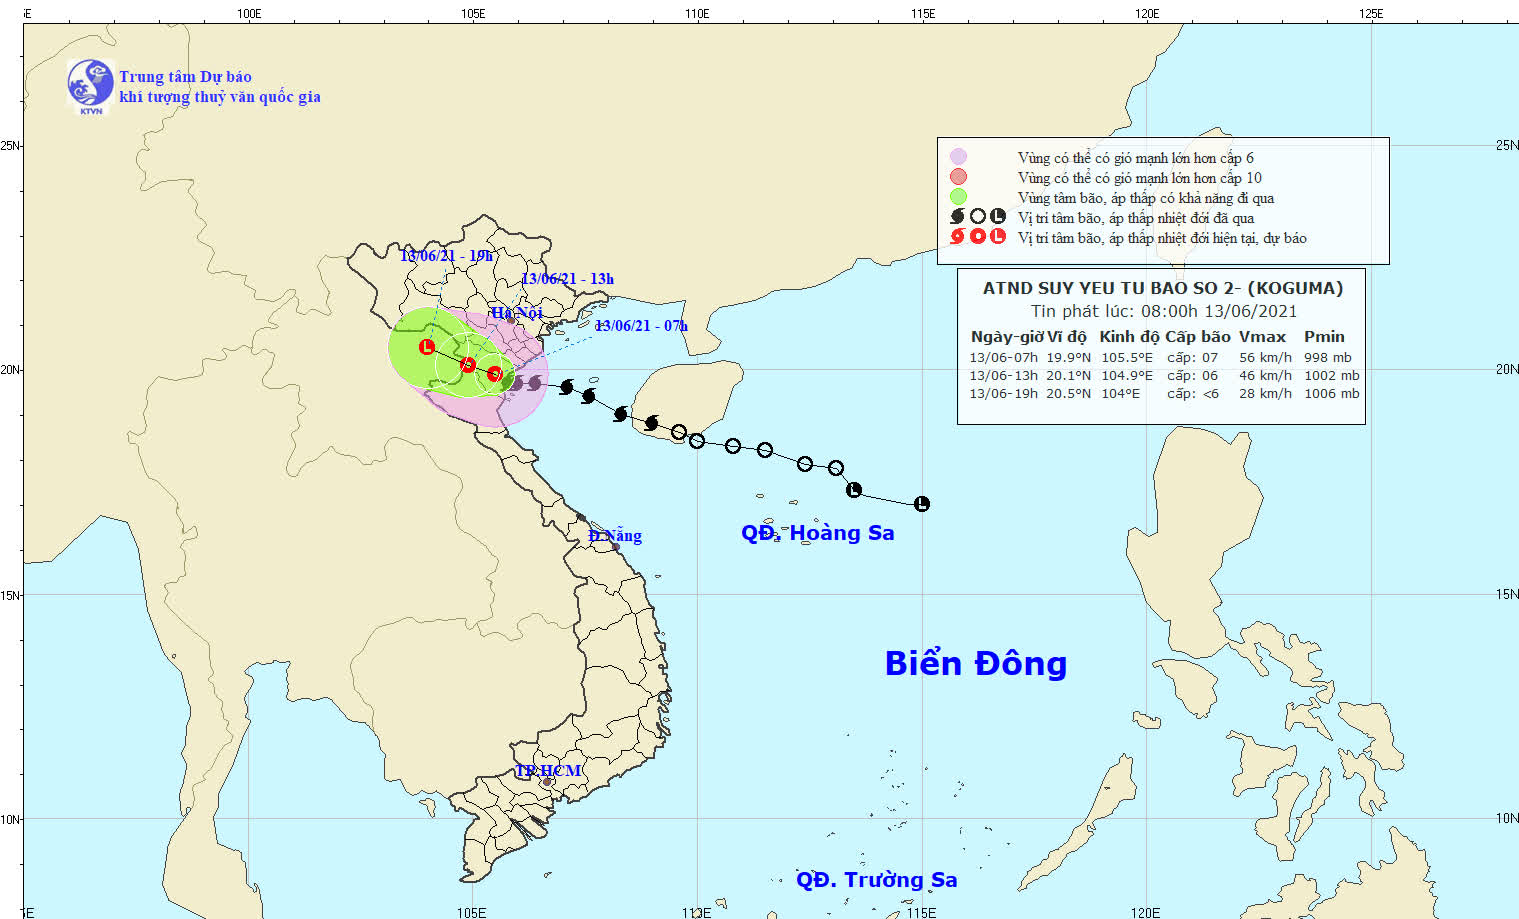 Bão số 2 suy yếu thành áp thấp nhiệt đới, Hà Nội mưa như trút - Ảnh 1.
--*--
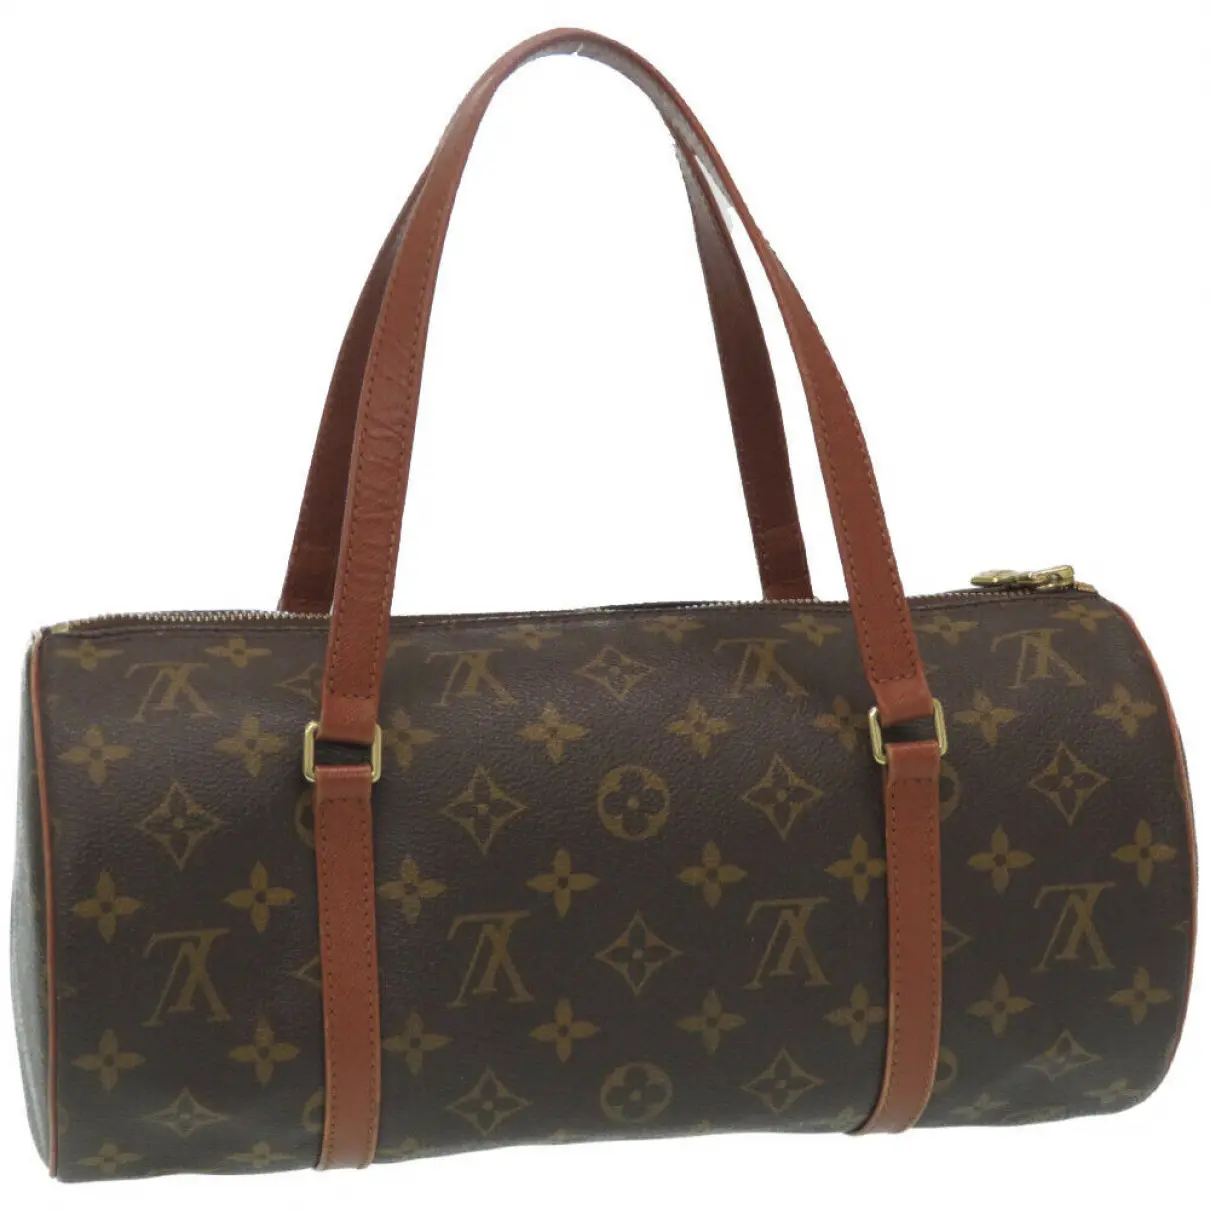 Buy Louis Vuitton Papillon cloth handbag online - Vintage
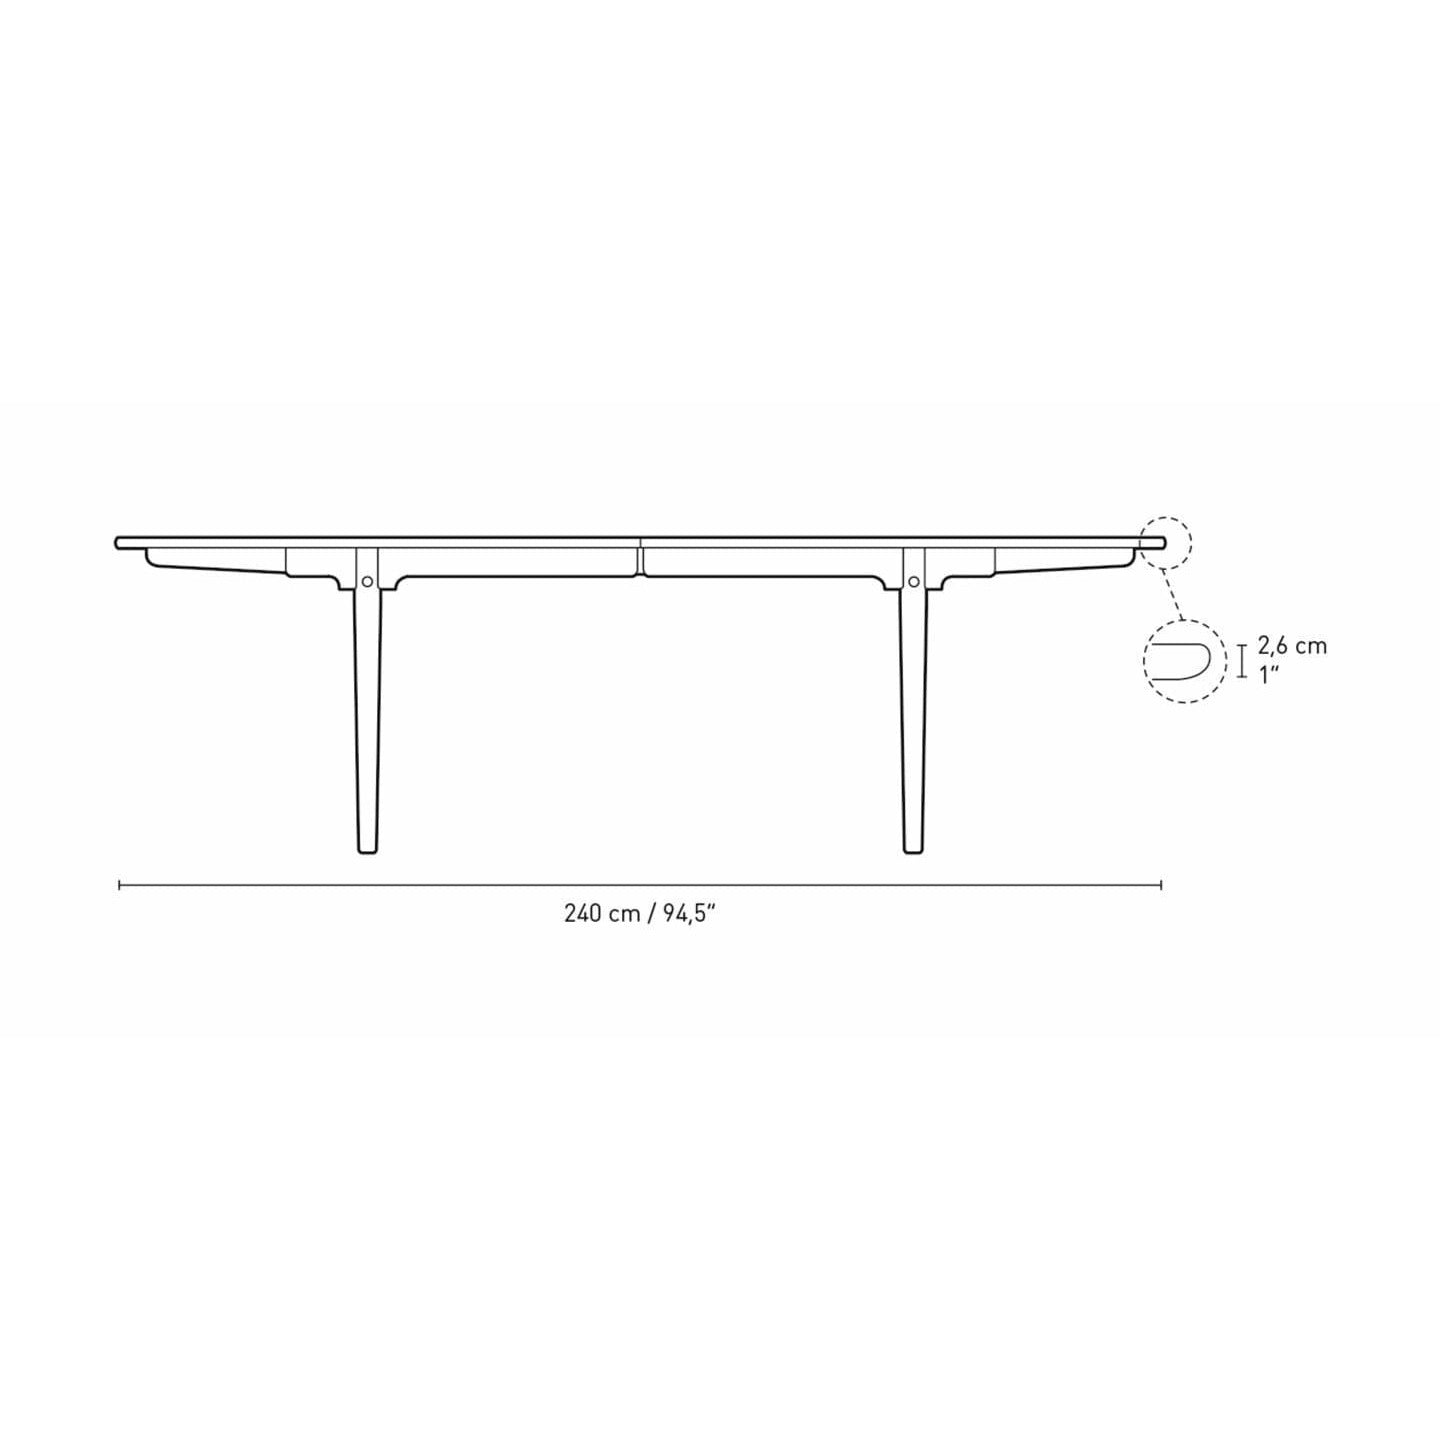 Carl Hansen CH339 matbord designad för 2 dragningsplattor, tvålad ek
--*--
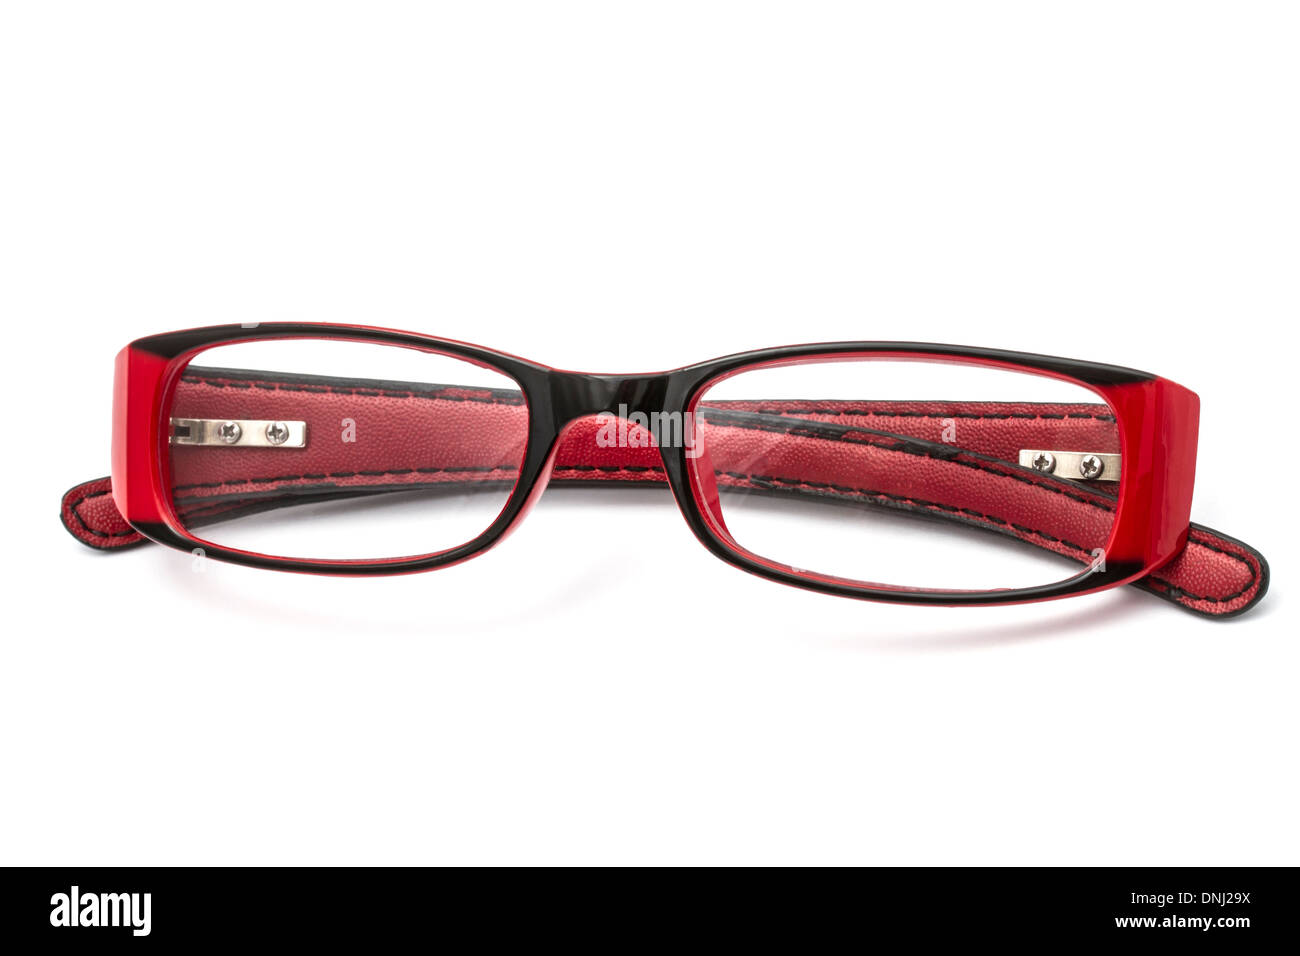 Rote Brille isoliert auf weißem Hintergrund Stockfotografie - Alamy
--*--
Work instruction:
Output exactly the lines of the listing above that start with the one holding "Buy Louis Vuitton" and go on through the one holding "Carl Hansen CH339"; leave the pictures out.

Response box:
 Buy Louis Vuitton Papillon cloth handbag online - Vintage
 Carl Hansen CH339 matbord designad för 2 dragningsplattor, tvålad ek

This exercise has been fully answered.